I am a woman. I have been working in various fields for the last 30 years, and the only working place where I have not been approached by a male in a higher position than me, with some kind of “lecherous propositions”, is where I work now: my boss is actually my significant other.
I am not sure if those encounters are the “rule” for women working in still male dominated fields, or I just happened to have bad luck. Fact is, it never crossed my mind to report it. I did not think it was something anyone else but me should deal with, and so I did. I took care of the situation – and lived with the consequences – as for every decision we take in life. I had my priories clear: my integrity came always before my job. And believe me, as a single parent I needed a job and a salary.
One of the first things putting women off reporting any sexual harassment is the fact that in most cases, there are no signs or means to prove what happened. Moreover, that applies to both victim and perpetuator.
It is, therefore, a double-edged sword. It is hard to prove it happened, but it can be equally hard to prove it did not. With a simple accusation, you can ruin someone’s career, reputation and personal life. For good.
Do not make the mistake of thinking these kind of false accusations do not happen. They do, and more often than what we would like to admit. And thanks to the Social Media, it might as well spread like wildfire.

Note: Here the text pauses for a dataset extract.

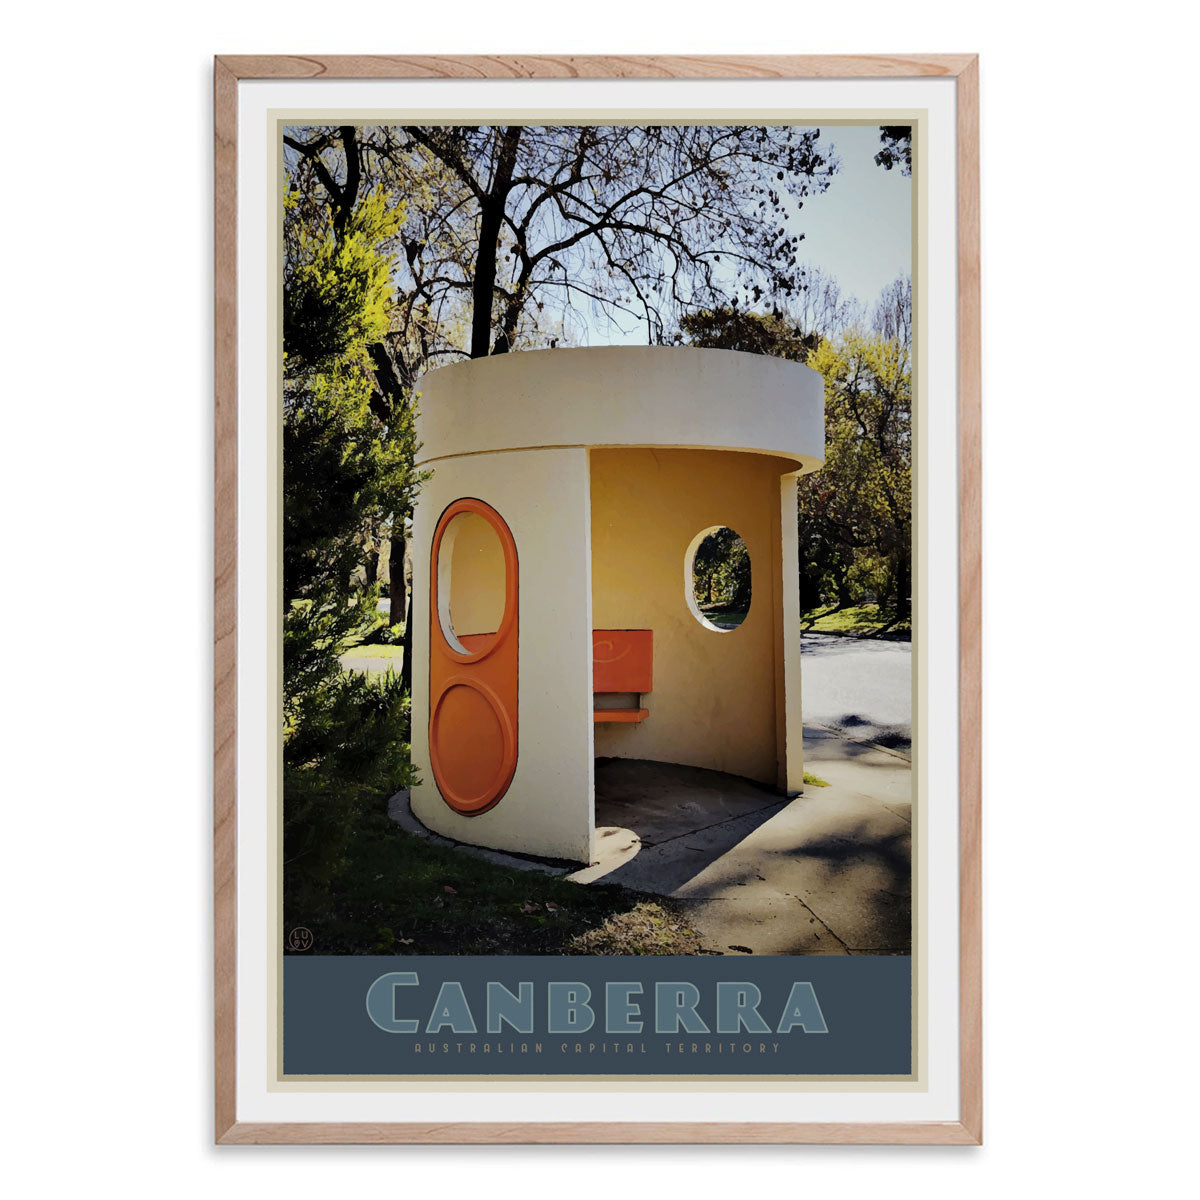 Canberra busstop oak framed vintage travel poster. Original design by Places we luv

There can be many reasons why somebody (alas mostly women) will use now this weapon as a way to protect their position or even acquire a new one. However, I am afraid this could lead to a much bigger issue. My worries – as a woman born in the sixties – are that we might will encounter a new “handicap” for receiving a job.
After all, we have been fighting for all these years … women of my generation were not easily given jobs, because they could get pregnant, generating extra hassle for the company. With what we have achieved so far, it would be now really stupid, if companies would not consider hiring women (instead of men), and when the skills are about the same, for the panic of been accused of improper conduct.
With this, I do not mean women should accept any wrong behaviour, in order to be given a job. Of course not, but I think we need to start dealing with our issues in a different way, and only bringing it to the authorities when it really is needed.
We also need to draw a line between harassment and abuse. My male colleague greets and hugs me every day when he arrives at the office, and he is not my husband, by the way. Sometimes he also tells me that he likes my outfit. I never, ever felt I was harassed in any form by his behaviour. However, one thing is for sure, if any of his gesture or words would feel wrong to me, I would say so. Directly, with no room for being misunderstood.
Women should stand straight and be fierce. If a colleague is making unwanted moves, women should be brave and make it clear that she is not interested. If a man in a higher position uses its power in order to get “favours”, a woman should stand by her integrity and refuse, and then report.
If a woman accepts an indecent proposal for fear of what might happen to her career, it only perpetuates this kind of uncivilised attitudes and behaviours. She becomes a silent, agreeing partner of that crime. Silence and acceptance will only backfire.
So do not make that mistake. Stand up, but stand up straight.